Whilst the pumpkin is cooking prepare the herbs. Strip and finely chop the leaves and discard the stems. Pour 75g of sugar and the herbs into a mortar and combine the two with your pestle. Add the spices and stir.



Return the cooked pumpkin to the pan and mash well. Stir in the butter, sugar/herb/spice combination and taste. Add more sugar if required and leave to cool.

While the filling is cooling roll out the pastry and line your cake tin. Prick the base with a fork and blind bake 25 minutes. Increase the temperature to 180C and bake 5 minutes more until lightly coloured.

Place your apple slices in the bottom of your cooked pastry case and scatter the sultanas on top. Set aside.

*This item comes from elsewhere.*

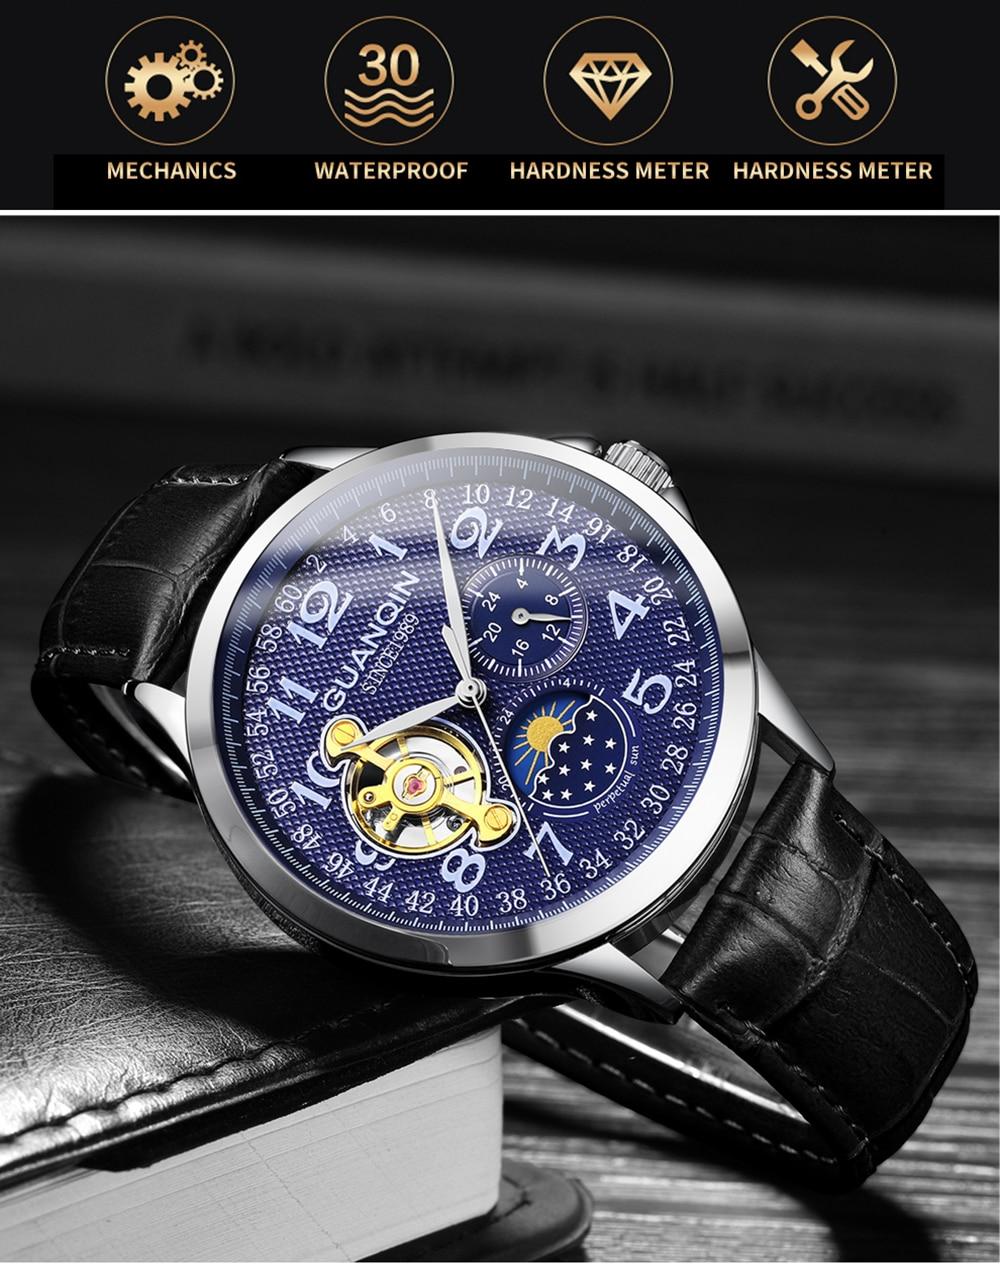 HTB1Df5ragaH3KVjSZFjq6AFWpXaw 2019 Fashion GUANQIN Mens Watches Top Brand Luxury Skeleton Watch Men Sport Leather Tourbillon Automatic Mechanical Wristwatch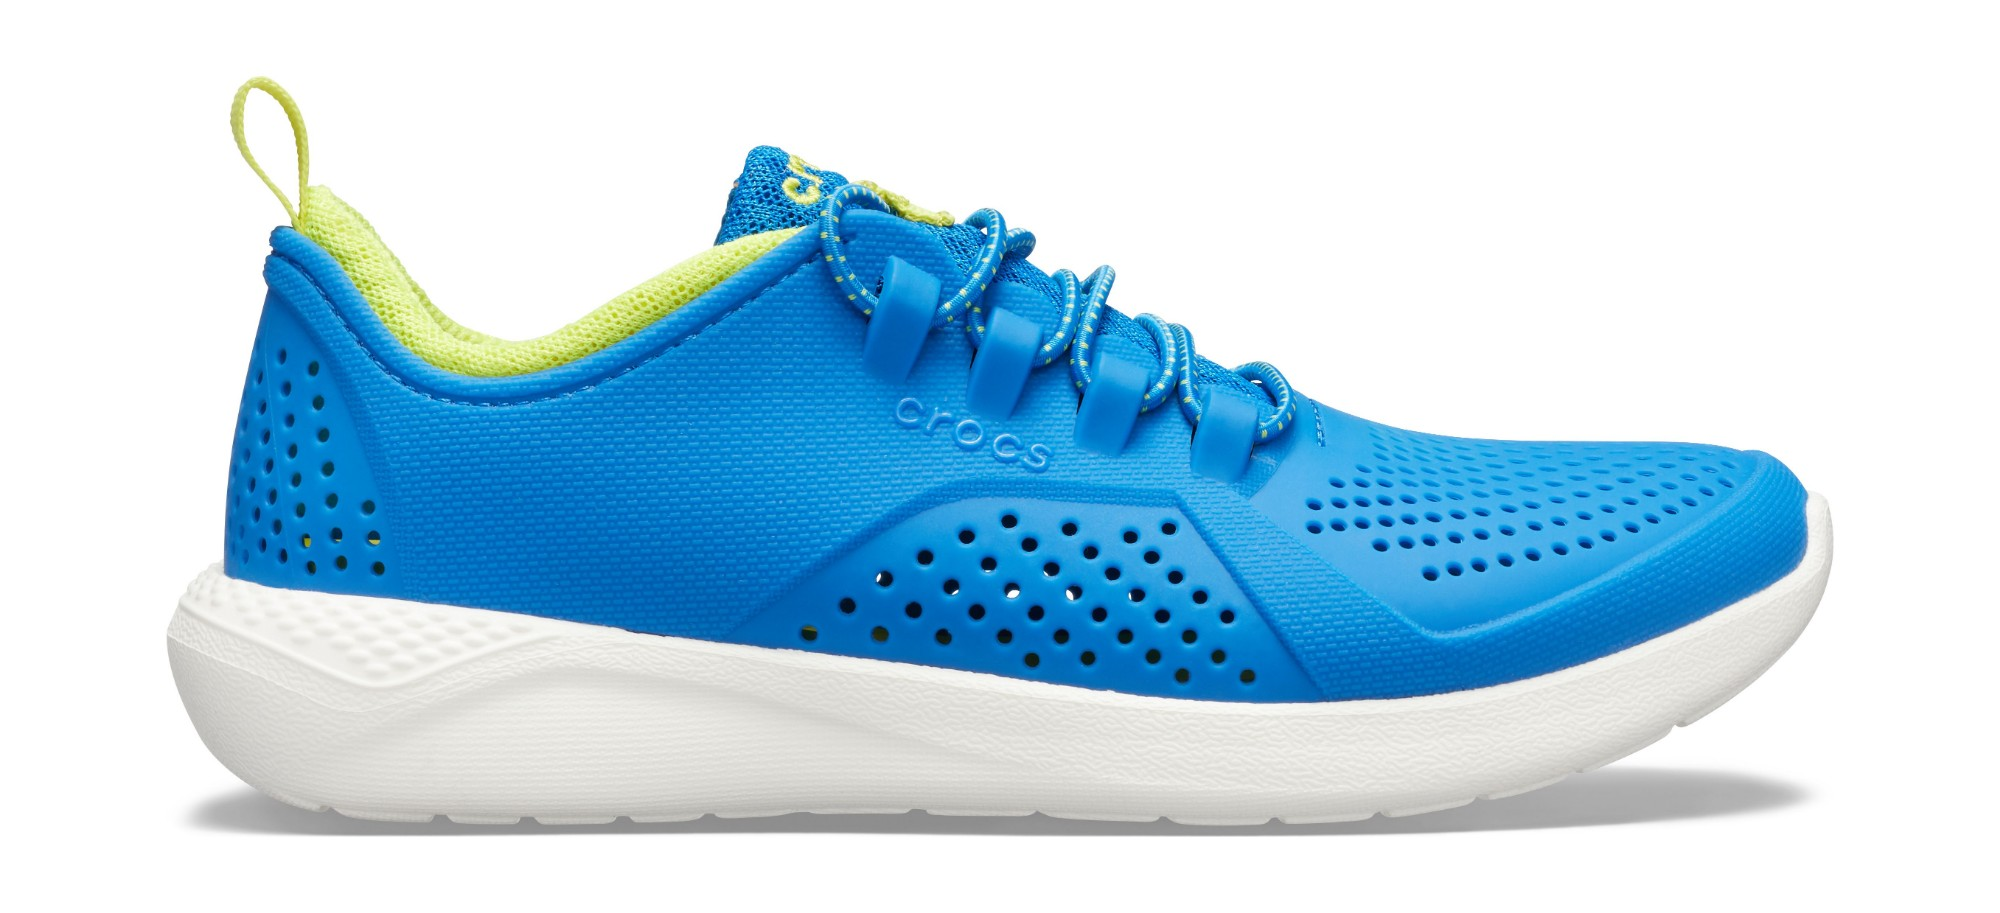 Crocs™ LiteRide Pacer Kid's Bright Cobalt/Citrus 38,5

Once the pumpkin filling has reached room temperature beat in the eggs and cream with a wooden spoon. Place the pan back on a low heat and gently warm through, stirring all time. The mixture should thicken slightly, this may take 10 – 15 minutes but you must be patient or the eggs will scramble. Pour the hot filling on top of the apples and tap the tin on the counter to remove air bubbles. Bake for 50 minutes until slightly puffed up and firm to the touch. Cool in the tin before serving as desired!




That old forgotten fruit


Quince are a mystifying fruit to the uninitiated. Solid and unyielding to the knife their yellow skins carry a thin layer of fluffy down and they seem scarred and unsightly compared to modern day tree fruit. On top of this quince require some level of processing as they would taste foul raw, if indeed you managed to take a bite without breaking teeth.

The golden – honey fruit has a long culinary history and a broad geography in origin. Jewish belief is that it was in fact the quince, rather than the apple, which Eve picked on that fateful day. In Ancient Greece brides would nibble on quince to sweeten their breath before entering the bed chamber, and it was the main ingredient in the Portuguese marmalada; Henry VIII’s favourite import.

It was through my research on fruit preserves that I first encountered this underused member of the rosacea family. The Tudor sweetmeat is a close relative of the Spanish dulce de membrillo, an excellent addition any cheeseboard. Many recipes can be found online and it is a simple, if lengthy process perfect for filling a blustery October day. Today I aim to guide readers to a more accessible way of introducing the quince into every day cookery. I should point out that I take inspiration from a medieval dish of ‘pear baked in wine’ for the infusion of fortified wine and cinnamon in the poaching stock.


Poached Quince

Take a sharp knife and cut 5 quince into quarters. Carefully remove the core and lay cut side down into a large ovenproof pot. Pour 300ml water and 100ml madeira wine. Finish with a generous slug of honey and a couple of small cinnamon sticks. Cover and bake for 30 – 40 minutes or until cooked through.

The quince can be eaten hot or cold at this stage; with a spoonful of creme fraiche and an extra drizzle of honey. Or pop them in the bottom of a roasting dish of belly pork and onions as a sharp contrast to the crackling.


Leftovers will sit quite happily in their juices for a couple of days. Hide a few in your apple pie for a floral depth that will keep people guessing. Dice into bite size pieces and stir into a rice pudding along with a little more madeira, ginger and brown sugar. They sit wonderfully with sweet and sticky flavours of cinnamon, ginger honey or maple syrup, so play around a little and help me stop the quince becoming an old forgotten fruit.